Problem → Repeat exactly the lines of the entries below from the one with "文化创意产业空间集聚特征研究——以深圳华侨城LOFT为例" through the one with "SUZUKI FA-32P ピンク", both ends included, and nothing else.

Dataset entries →
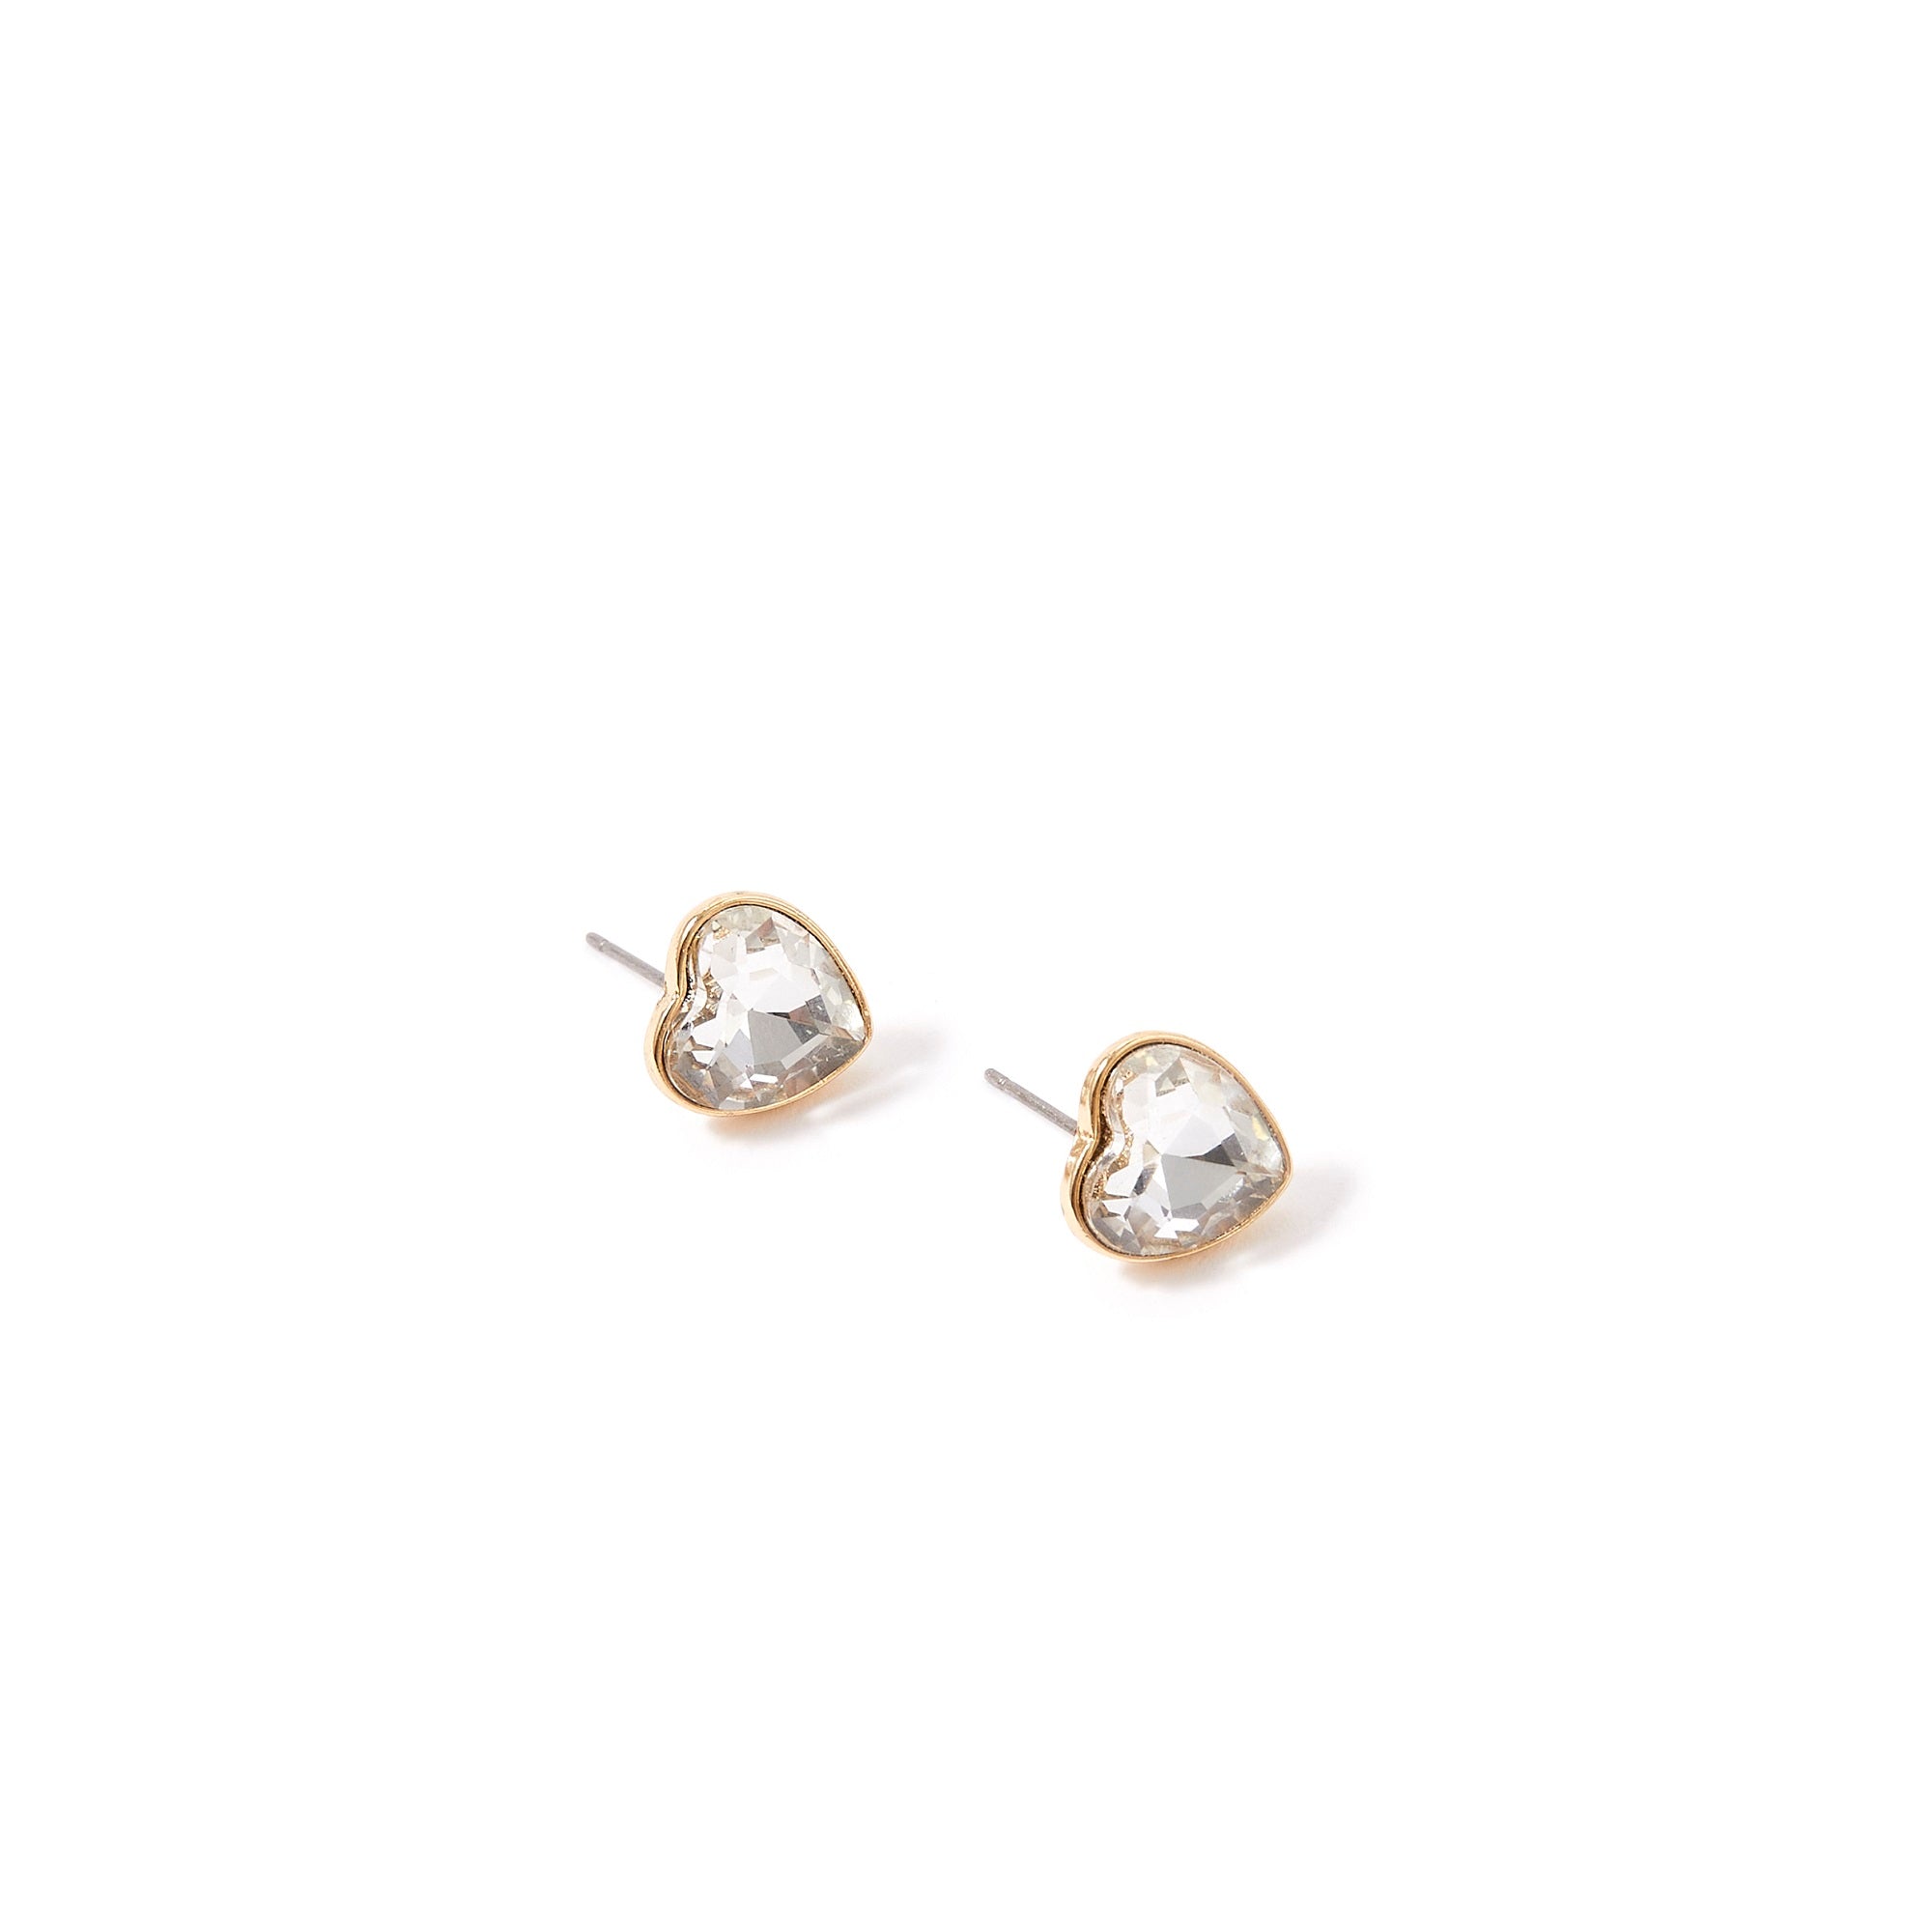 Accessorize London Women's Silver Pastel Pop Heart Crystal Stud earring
...
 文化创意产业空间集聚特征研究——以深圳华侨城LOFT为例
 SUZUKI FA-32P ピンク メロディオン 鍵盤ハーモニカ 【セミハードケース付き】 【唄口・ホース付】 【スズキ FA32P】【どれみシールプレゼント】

Response for this exercise →
 文化创意产业空间集聚特征研究——以深圳华侨城LOFT为例
 SUZUKI FA-32P ピンク メロディオン 鍵盤ハーモニカ 【セミハードケース付き】 【唄口・ホース付】 【スズキ FA32P】【どれみシールプレゼント】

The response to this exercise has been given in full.